É uma grande vitória e um passo importante para consolidação e amadurecimento da nossa indústria. Assim como já aconteceu com o cinema, que teve bastante incentivos governamentais e hoje já é extremamente mais maduro e capaz de produzir belas obras. Também é um bom passo para que possamos enterrar de vez a velha discussão sobre se videogame é audiovisual ou não. Sim, é audiovisual. Sim, é cultura. E está sendo, finalmente, reconhecido em todas as instâncias possíveis.

No que a indústria nacional precisa avançar?

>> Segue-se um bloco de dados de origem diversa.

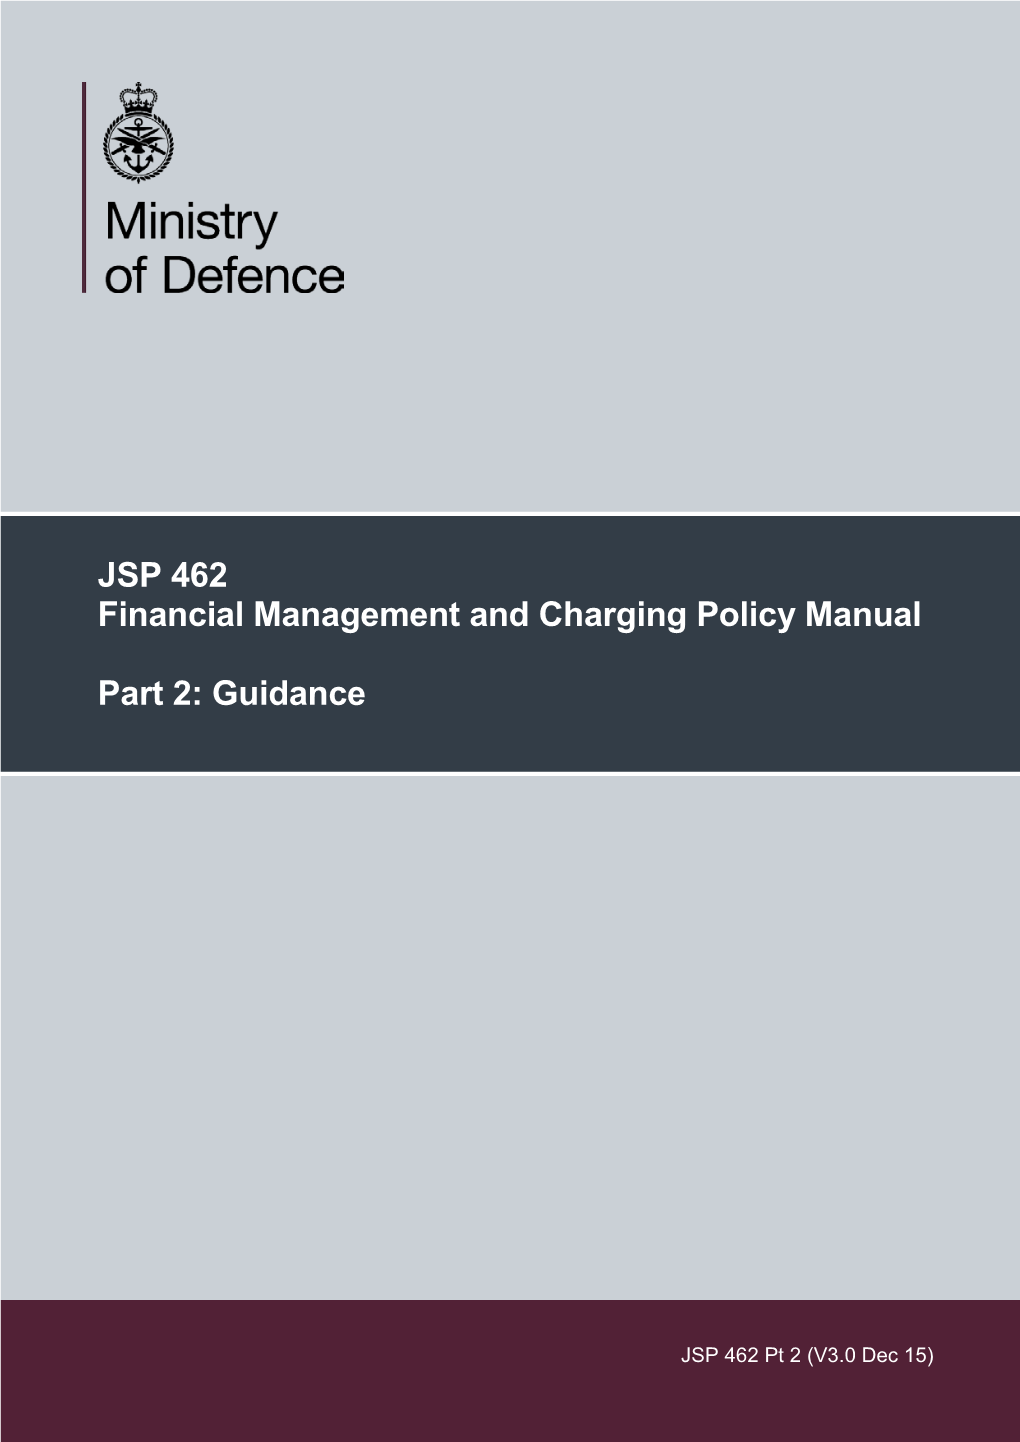 JSP 462 Part 2:Guidance-1St Consolidated DRAFT Under Revised Format

Um passo de cada vez. A nossa indústria ainda carece de outras coisas, como profissionais especializados, cursos voltados para o mercado e mais aproximação com o mundo acadêmico, para que possam entender demandas e preparar os futuros profissionais para ocupar as vagas que não param de surgir, seguindo na contramão da economia atual. Mas tudo isso começa com o primeiro passo, que é dar apoio e incentivar a indústria através de editais próprios e outras iniciativas, como termos acesso a uma linha própria da Lei Rouanet, que é o caso agora. Vale salientar que, ao contrário do cinema nacional, a nossa indústria já nasceu internacionalizada, tendo em vista que a distribuição do produto globalmente é mais fácil e existe quantidade infinita de publishers (publicadoras de jogos) procurando títulos para explorar comercialmente, o que nos garante mais possibilidade de retorno.